# lg p500



## tenkan (Jun 6, 2011)

Can some one post a link on how to remove dust from under the screen for a lg optimus one p500,thanks


----------



## Laxer (Dec 28, 2010)

Here is a link: LG Optimus One Dismantle/Disassembly Guide | Mobyfiles.com Blog

And

Here is a video: ‪How to disassemble the LG-P500 Optimus One - The first instruction video out there‬‏ - YouTube

The dust getting under the screen is a common problem with many phones.

Simply dissembling cleaning and putting back together will only fix the problem temporarily.

To fix it for good you will need to use silicon or some other adhesive around the screen.
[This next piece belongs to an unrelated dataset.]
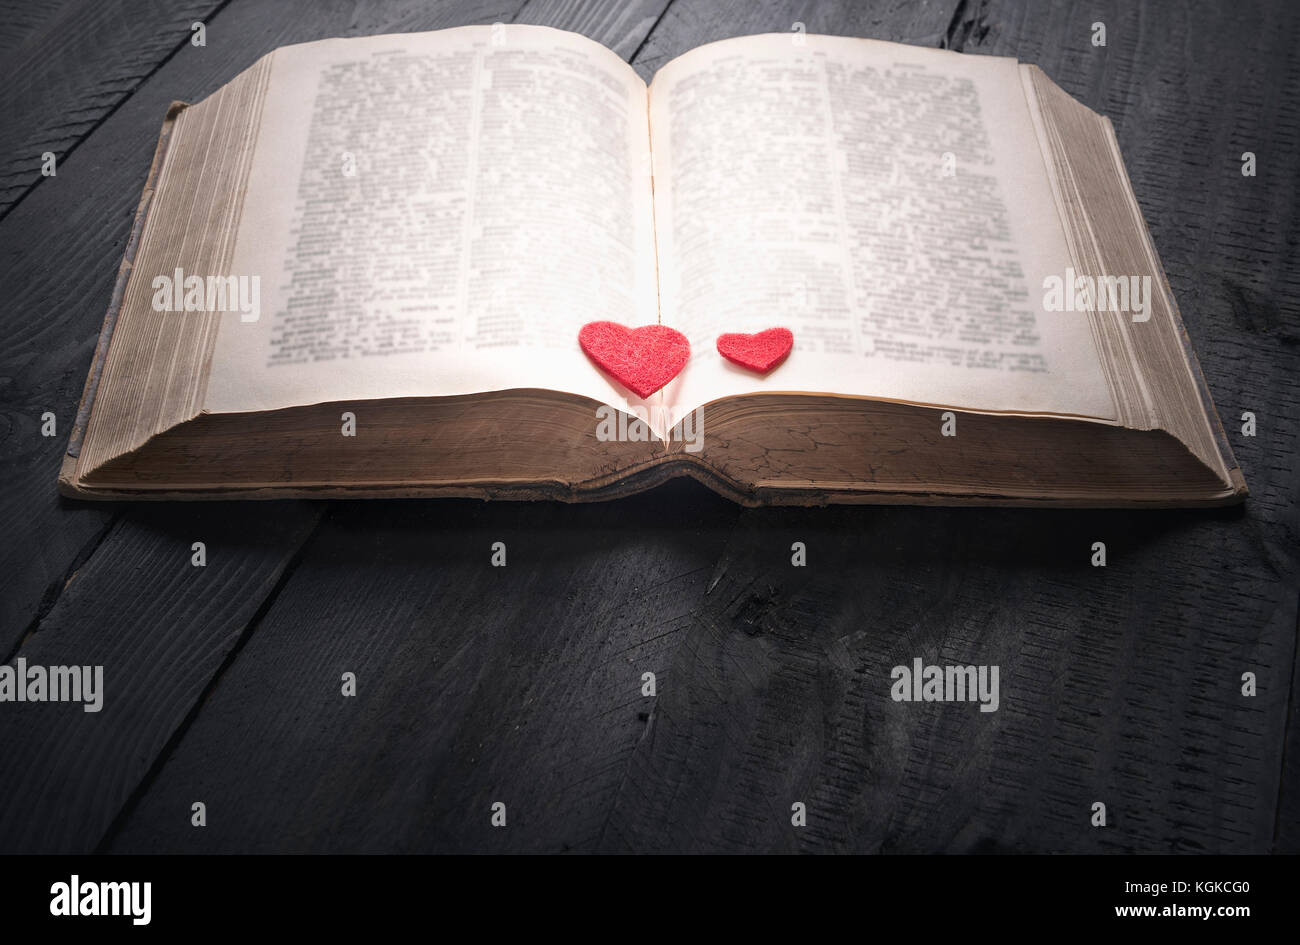 Antique open book with two red hearts on its pages, sitting on a black wooden background. A concept for the love of reading, learning, education or as Stock Photo

Before putting it back together.


----------



## tenkan (Jun 6, 2011)

Hey thanks laxer bit harder then i thought it would be might just leave it as!


----------



## Laxer (Dec 28, 2010)

tenkan said:


> Hey thanks laxer bit harder then i thought it would be might just leave it as!


Sadly that's how most "small" electronics are....

They try to cram so much stuff into a tight space... makes hard for cleaning.

I ended up having to clean my girlfriends mytouch slide after listening to her complain for a few weeks about it.

It was alright but took a while to finally get everything back together.


----------